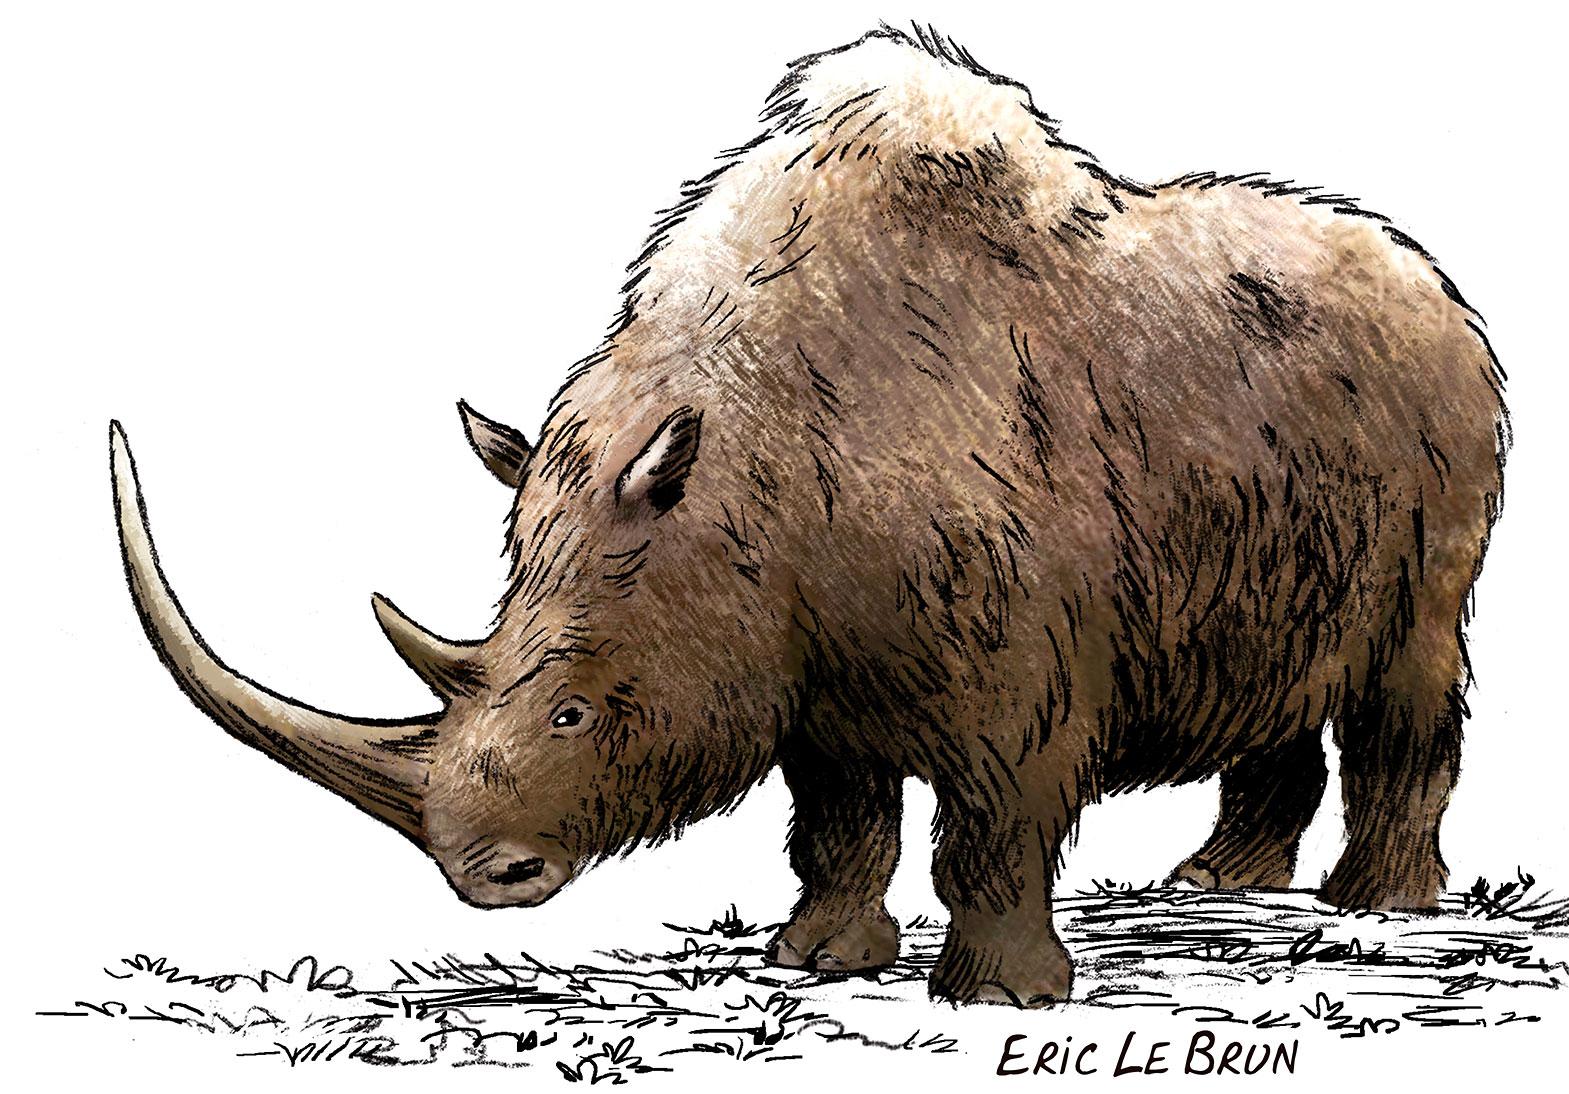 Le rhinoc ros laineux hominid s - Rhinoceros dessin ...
-*-
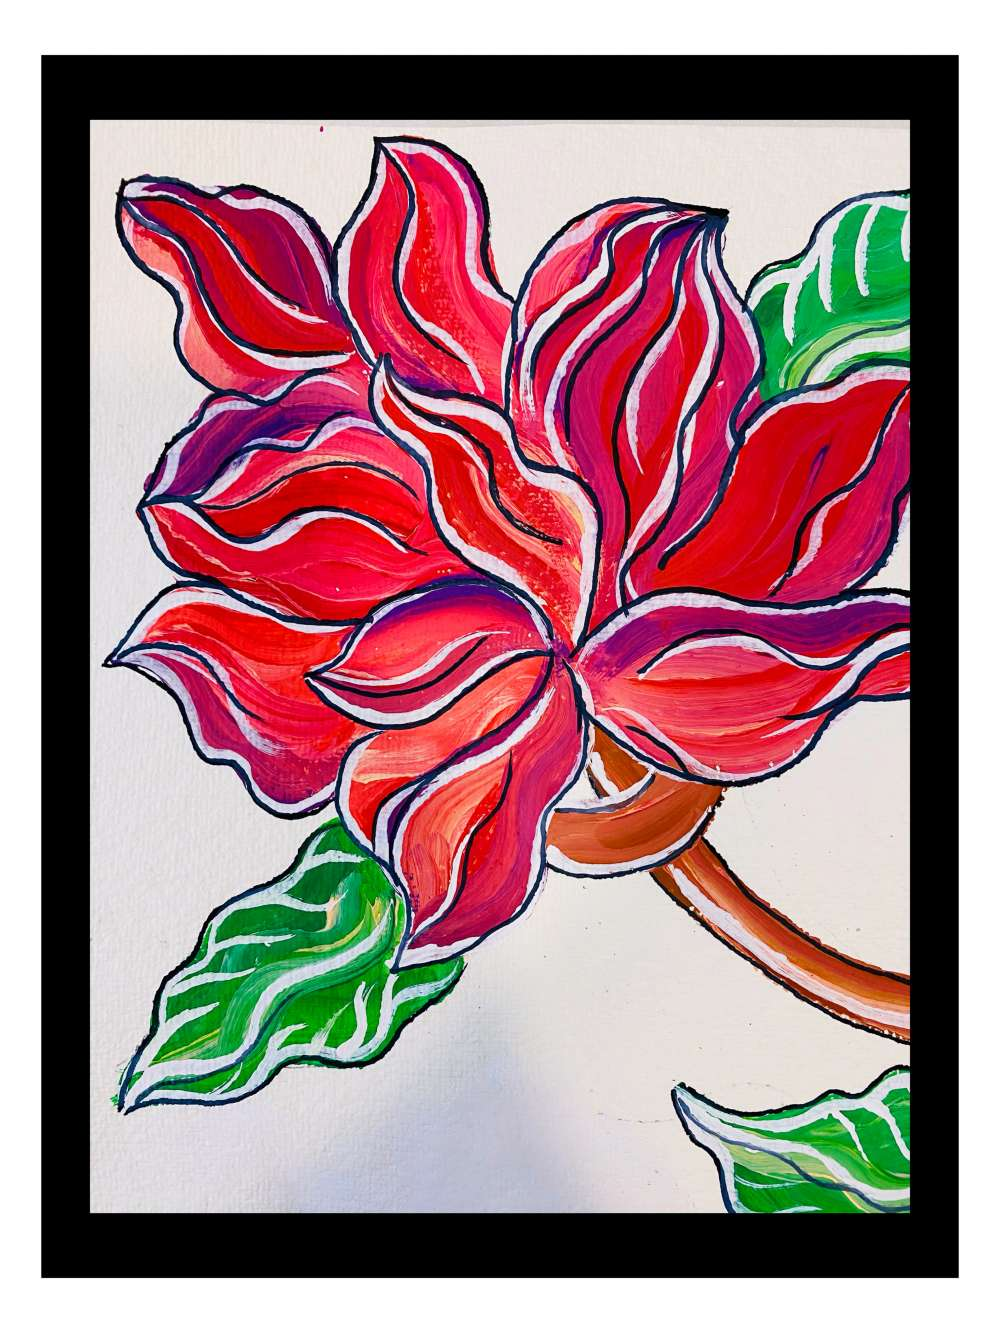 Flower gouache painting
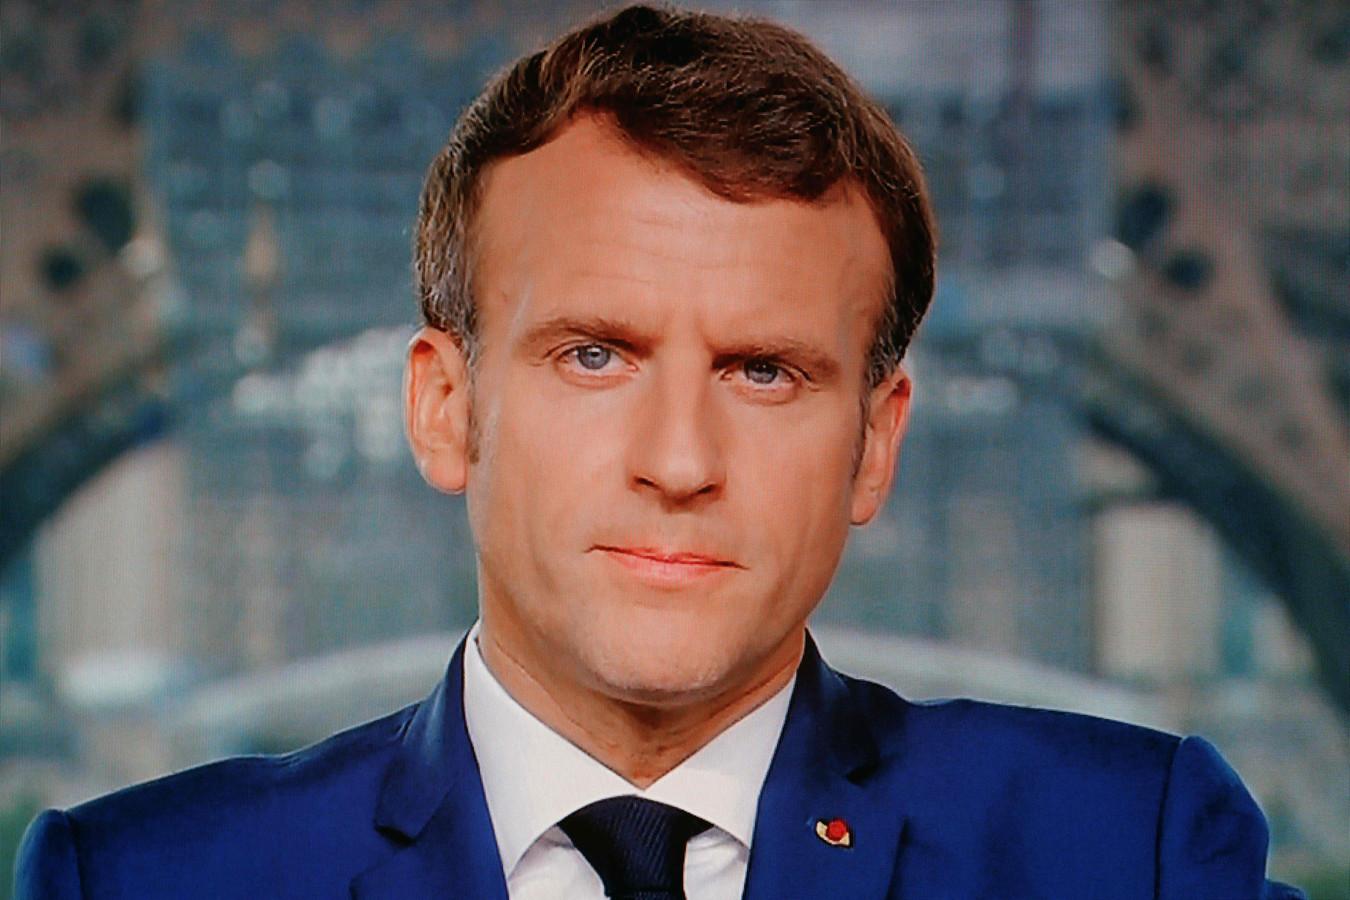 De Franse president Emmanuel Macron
-*-
- _TASK TO COMPLETE_: Although the records hold pictures, the copy must not; give again exactly the lines from the one with "Flower gouache painting" through the one with "De Franse president Emmanuel Macron".

- _RESPONSE AREA_:
 Flower gouache painting
 De Franse president Emmanuel Macron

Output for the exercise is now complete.